- WHAT YOU ARE ASKED TO DO -
From the line containing "The Best Of Me by Nicholas Sparks" through the last line of the listing, output each line exactly as it stands. Omit pictures.

- INPUT DATA -
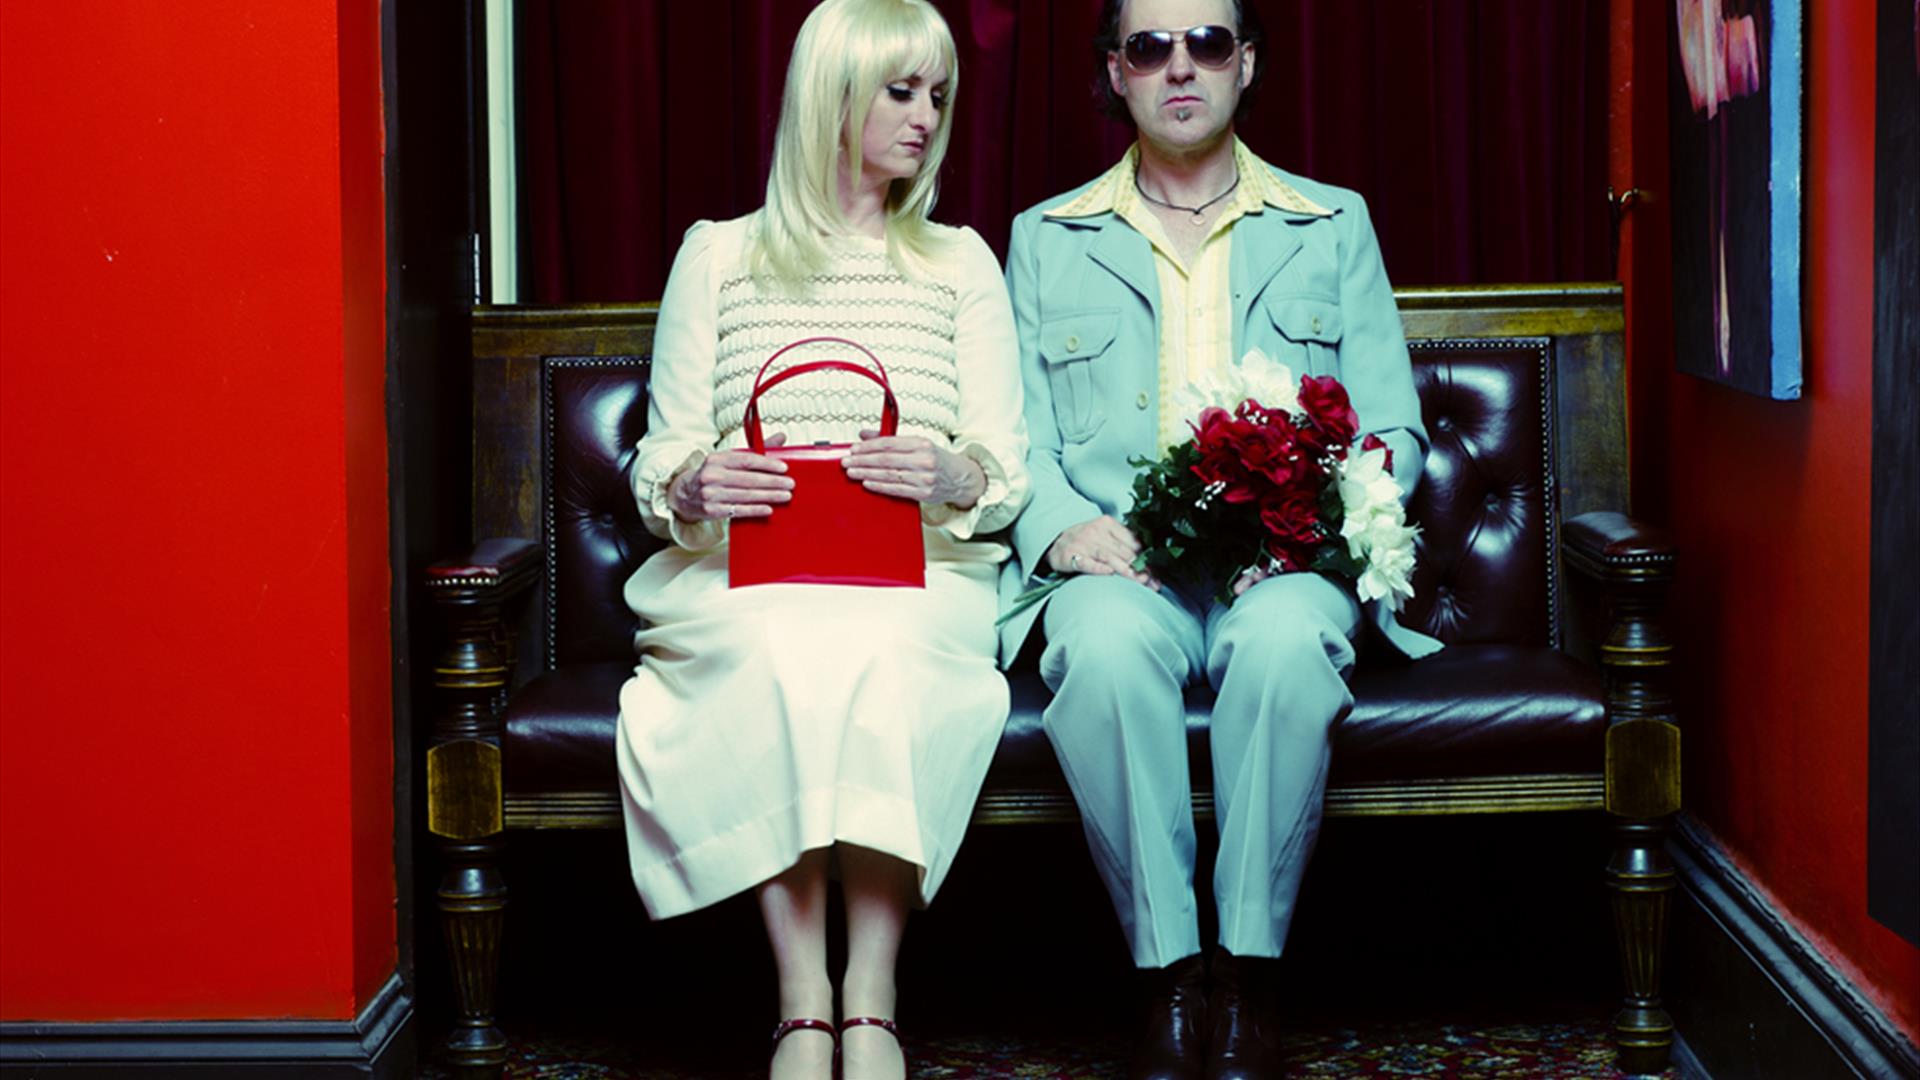 a man and woman in vintage clothing sitting on a bench. The woman is holding a red handbag, the man is holding a bouquet of red and white flowers.
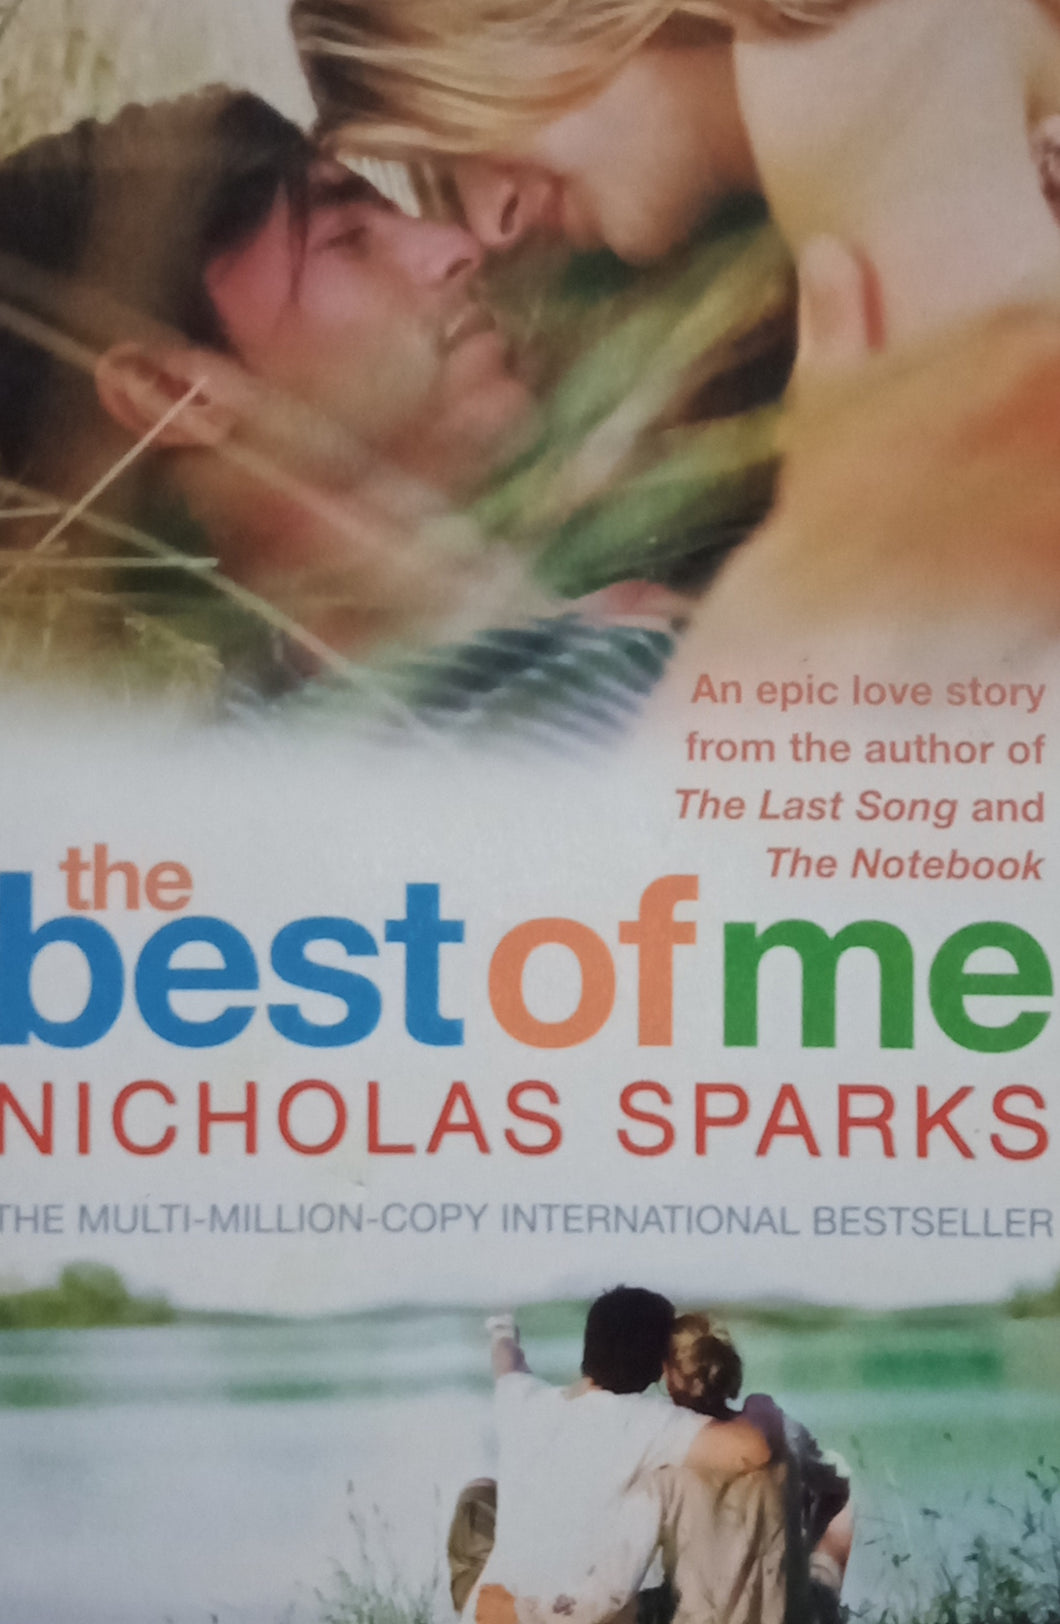 The Best Of Me by Nicholas Sparks
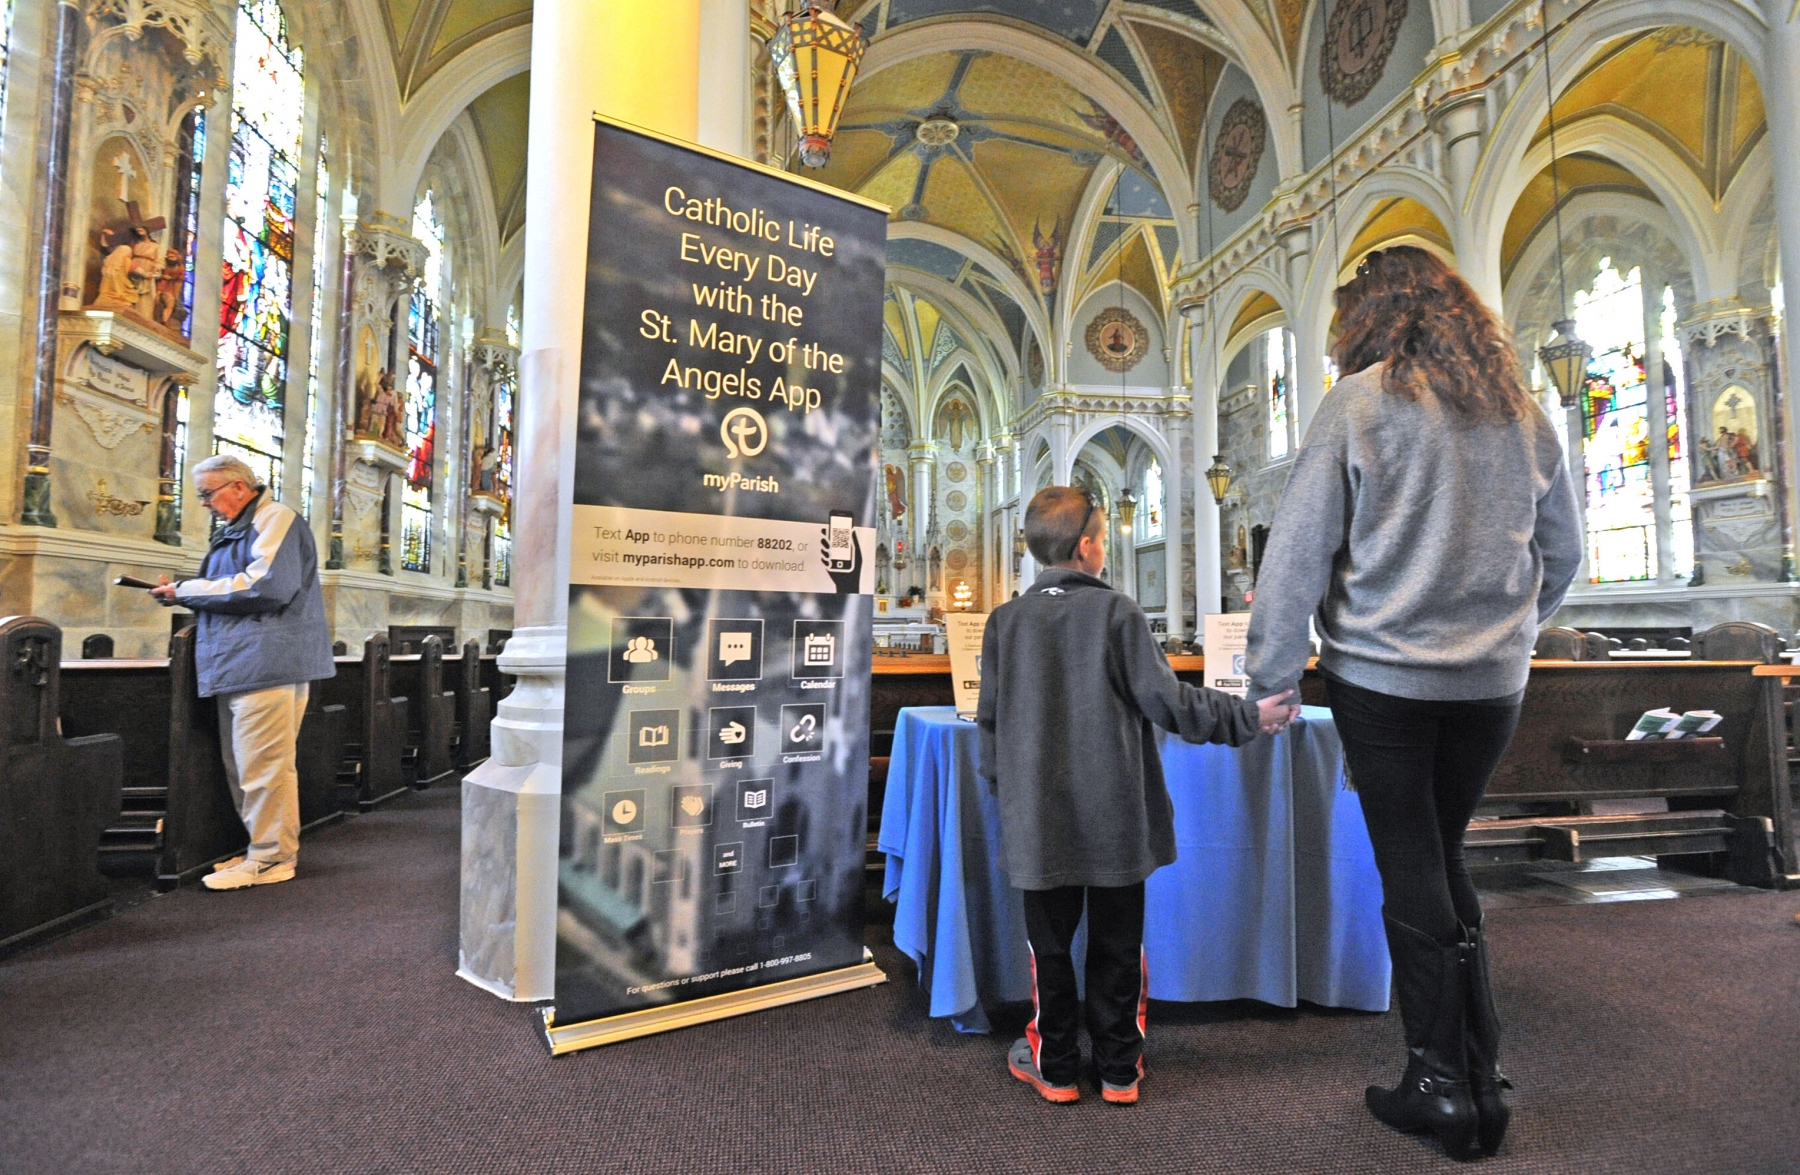 Area Catholics at St. Mary of the Angels Church, Olean, look over information on an app that parishioners can use to find Mass times, set confession appointments and reflect on readings. (Dan Cappellazzo/Staff Photographer)

- YOUR RESPONSE -
 The Best Of Me by Nicholas Sparks
 Area Catholics at St. Mary of the Angels Church, Olean, look over information on an app that parishioners can use to find Mass times, set confession appointments and reflect on readings. (Dan Cappellazzo/Staff Photographer)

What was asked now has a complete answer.